• **Brief**:
Reproduce the listing below in full and without alteration, apart from its pictures.

• **Data segment**:
━━━━━━

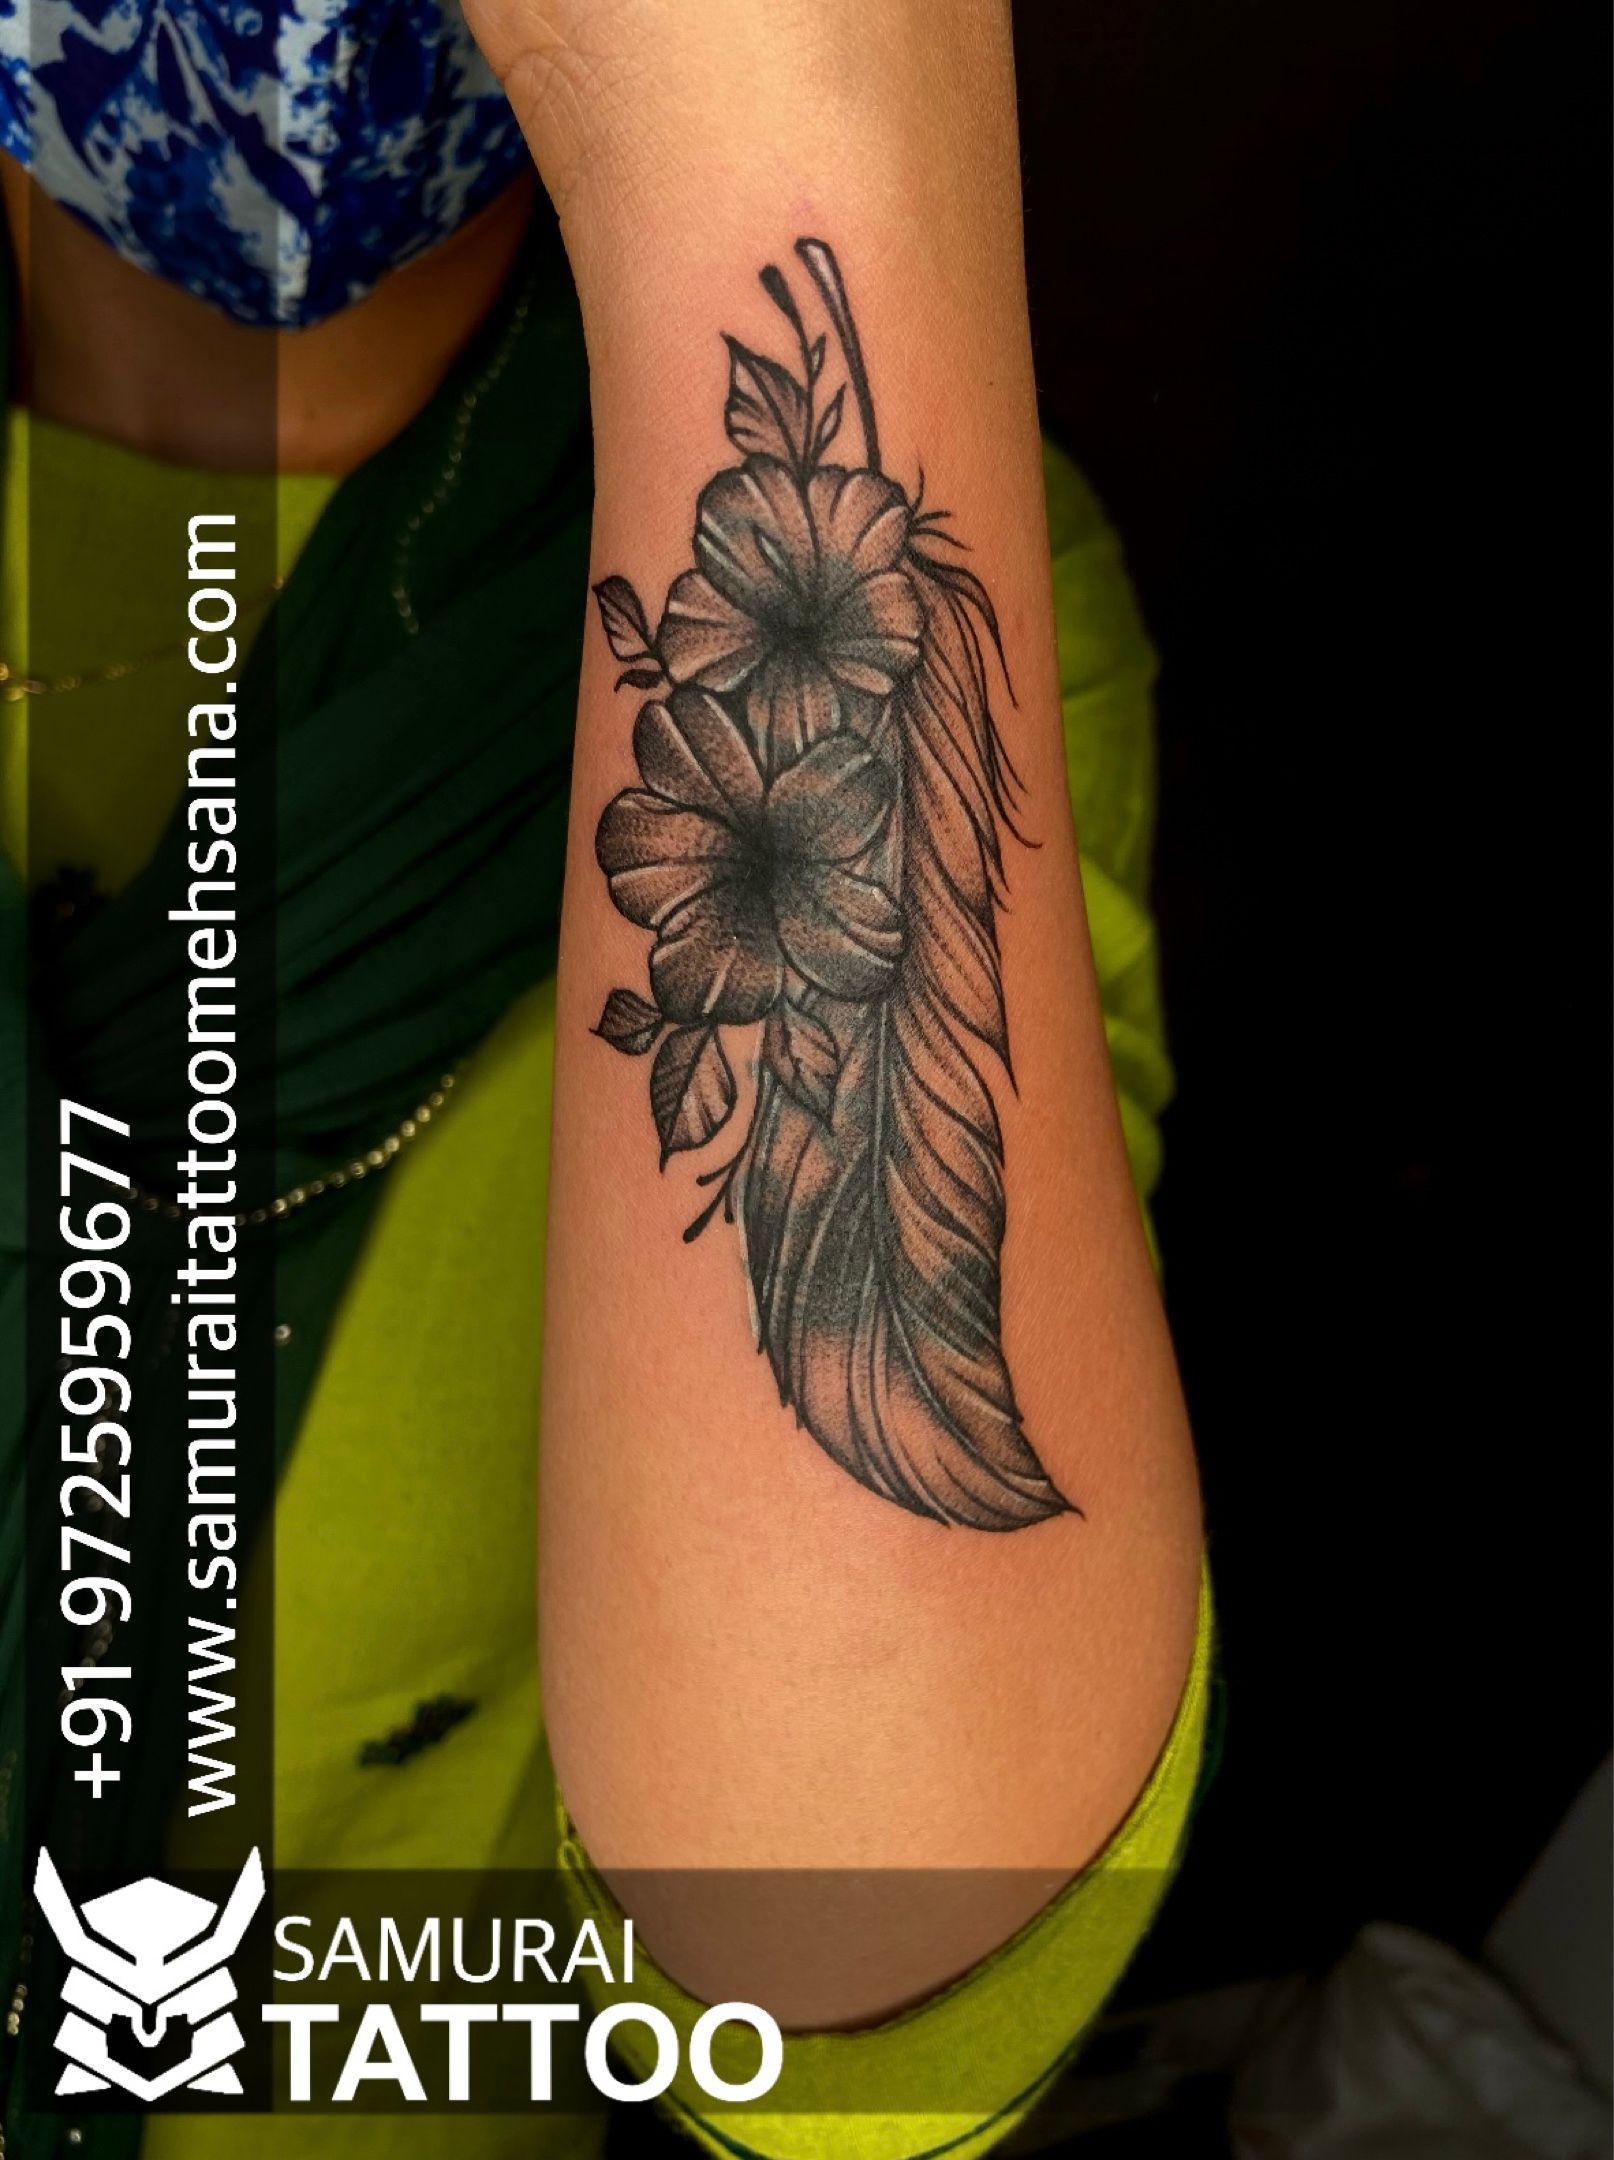 Feather tattoo on forearm coverup by Dmitriy Nik coverup Dmitriy feather  Forearm Nik   Cover   Cover up tattoos Cover tattoo Feather  tattoo design
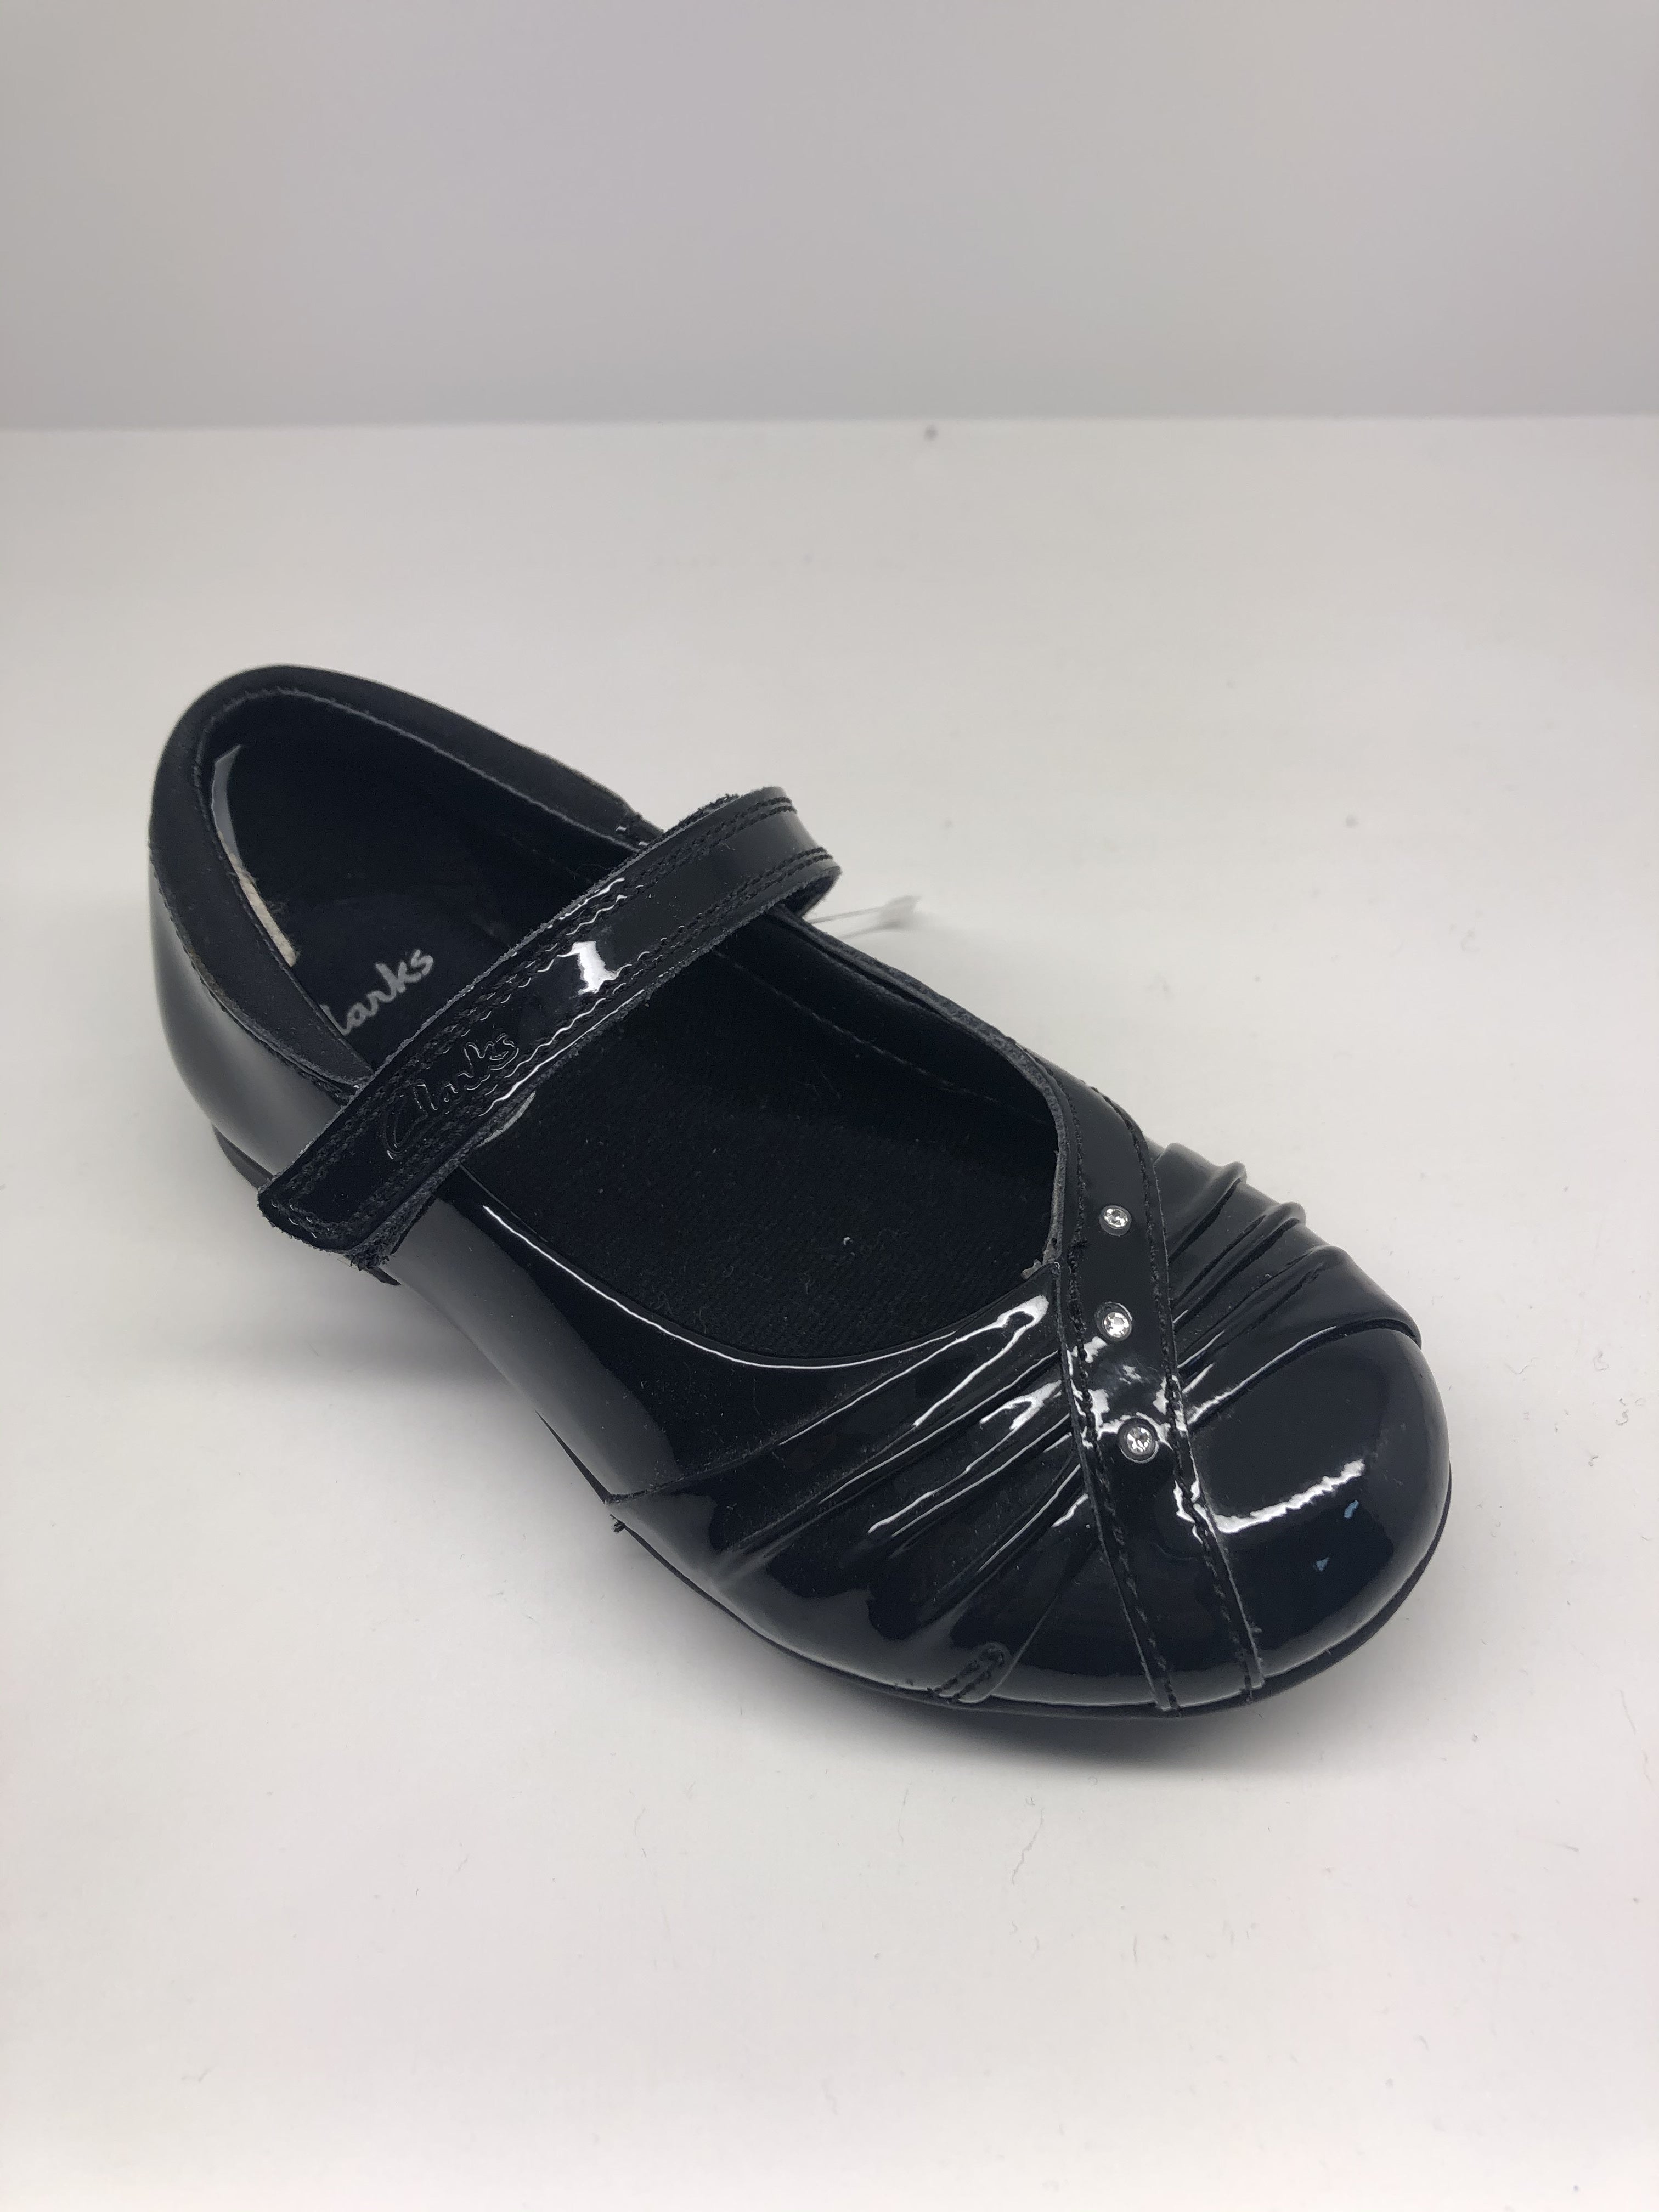 Clarks Dolly Shy Girls Black Patent Leather Shoes
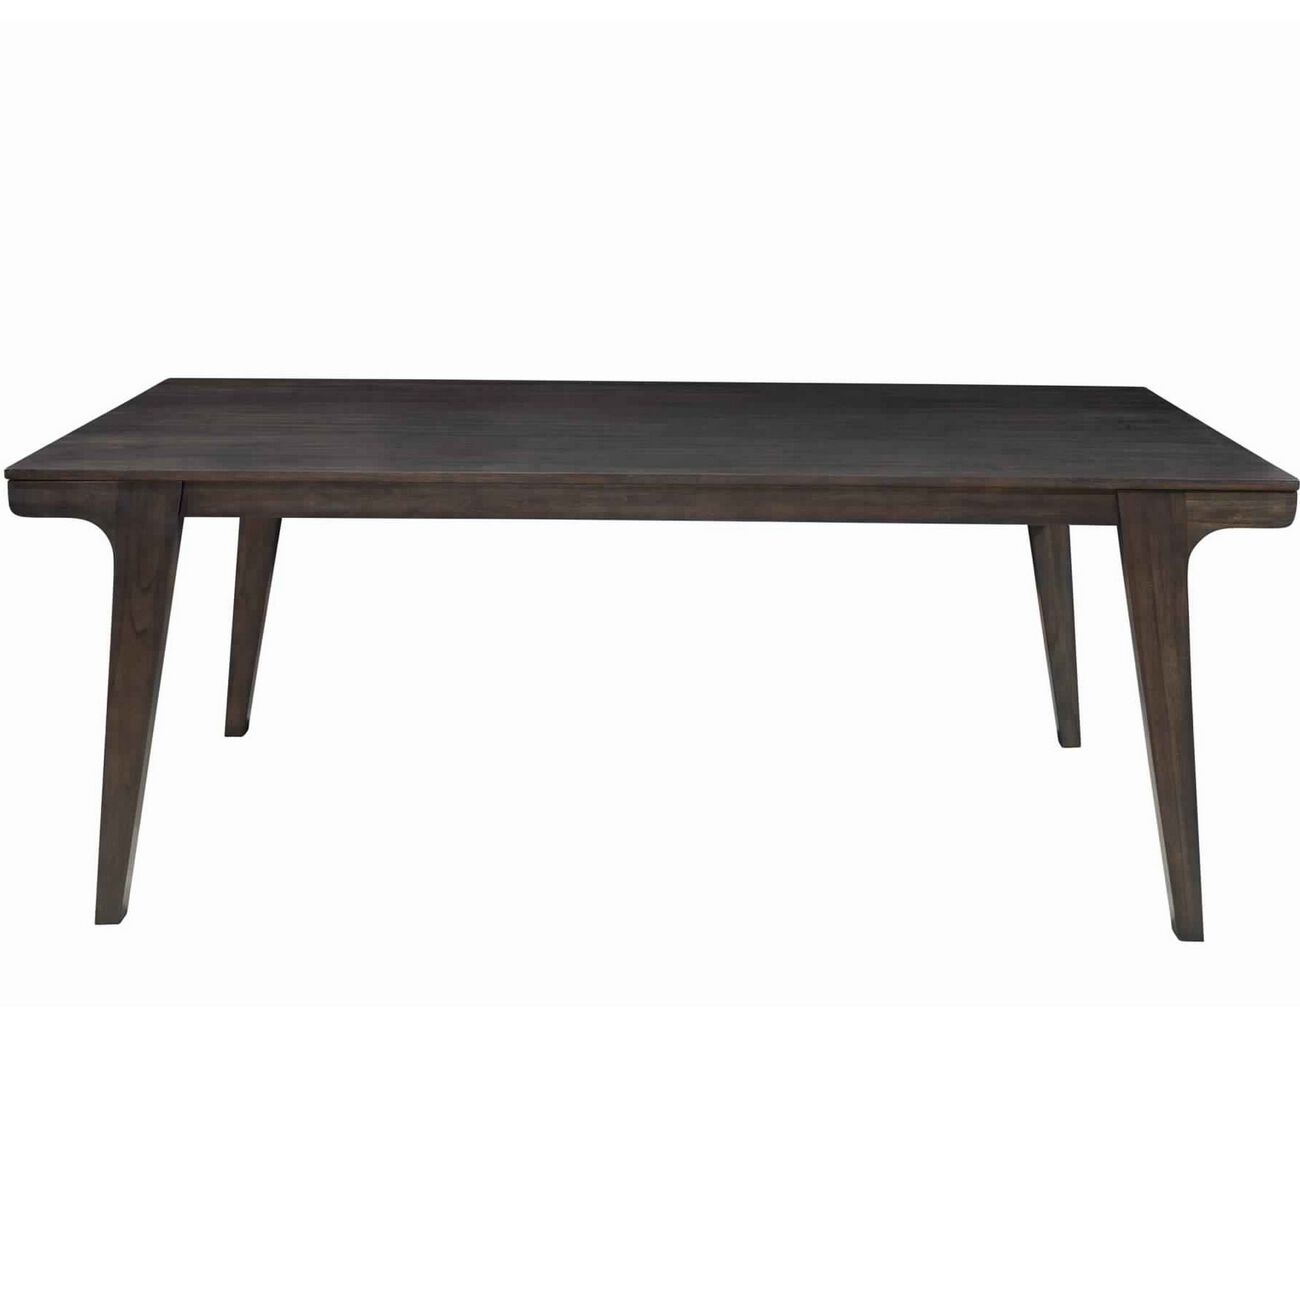 Rectangular Dining Table with Angled Legs and Grain Details, Brown

━━━━━━

• **Exercise response**:
 Feather tattoo on forearm coverup by Dmitriy Nik coverup Dmitriy feather  Forearm Nik   Cover   Cover up tattoos Cover tattoo Feather  tattoo design
 Clarks Dolly Shy Girls Black Patent Leather Shoes
 Rectangular Dining Table with Angled Legs and Grain Details, Brown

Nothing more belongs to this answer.